Although the use of heuristic optimization algorithms can significantly reduce the temporal complexity of the solution search process, the latter remains time-consuming when objective functions are evaluated through computer simulation. For speeding up the optimization process, a promising approach is to distribute the computations of the objective functions over multiple processors, computers, or workstation networks. This eliminates the need to re-program the optimization model in parallel computing languages.
This paper seeks to demonstrate that adapting the genetic algorithm for parallel computing is a superior way for accelerating the simulation-based optimization process. In addition, we present several techniques and design characteristics that can further improve the effectiveness of the parallel genetic algorithm (PGA) especially when is applied in the optimization via simulation.

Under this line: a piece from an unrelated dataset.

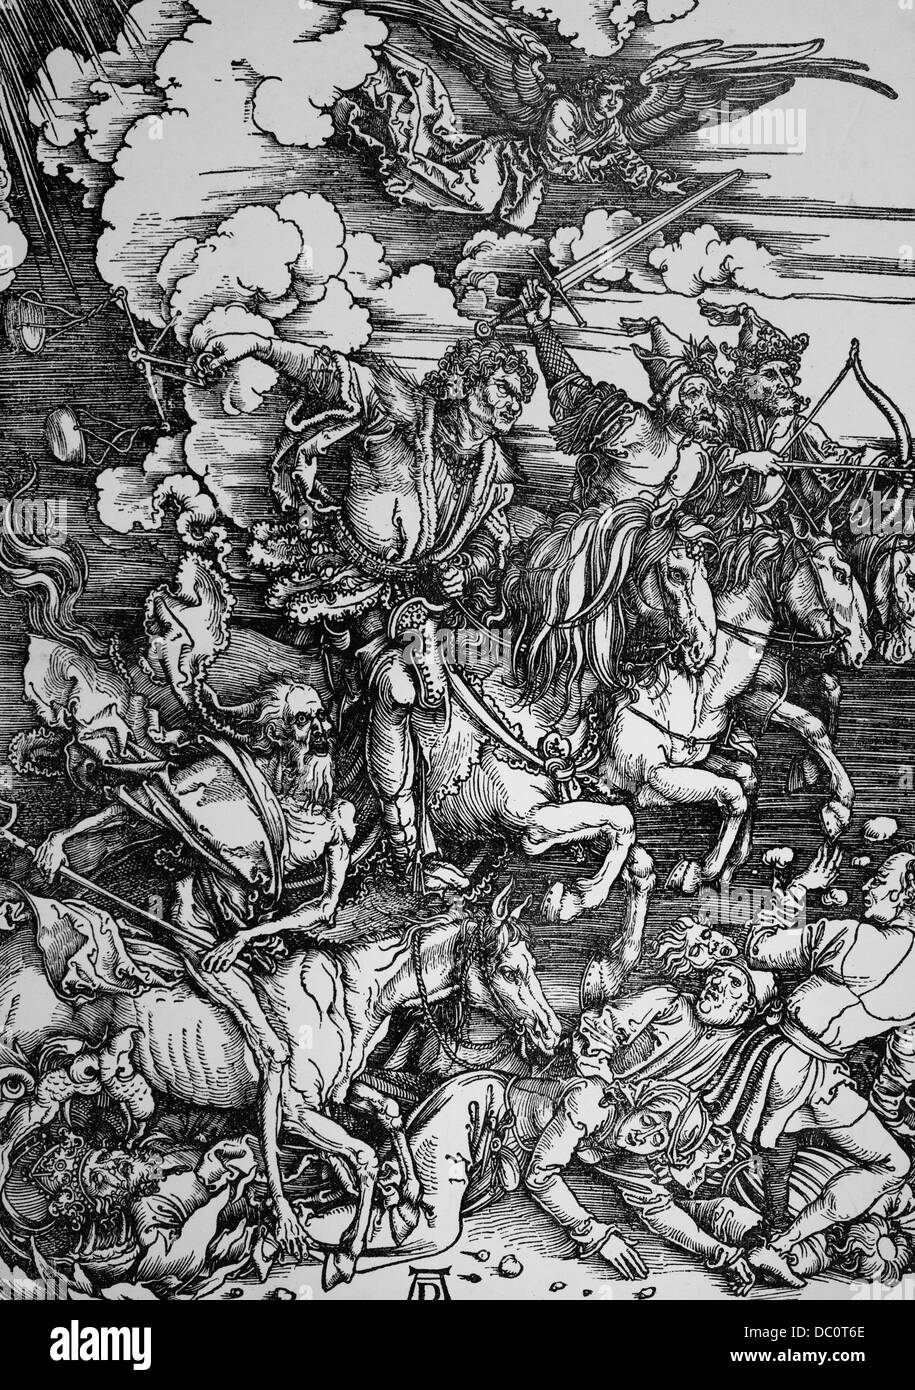 1400s FAMOUS ALBRECHT DURER WOODCUT FOUR HORSEMEN OF

The paper is organized as follows. The “Literature Review” section surveys recent studies on simulation-based optimization and parallel computing. The waterway improvement projects scheduling problem is presented in detail in the “Problem Statement” section, followed by a description of the proposed PGA in the “Parallel Genetic Algorithm” Section. The “Numerical Experiments” section demonstrates an application of the methodology in a numerical example. Conclusions and extensions are presented in the last section.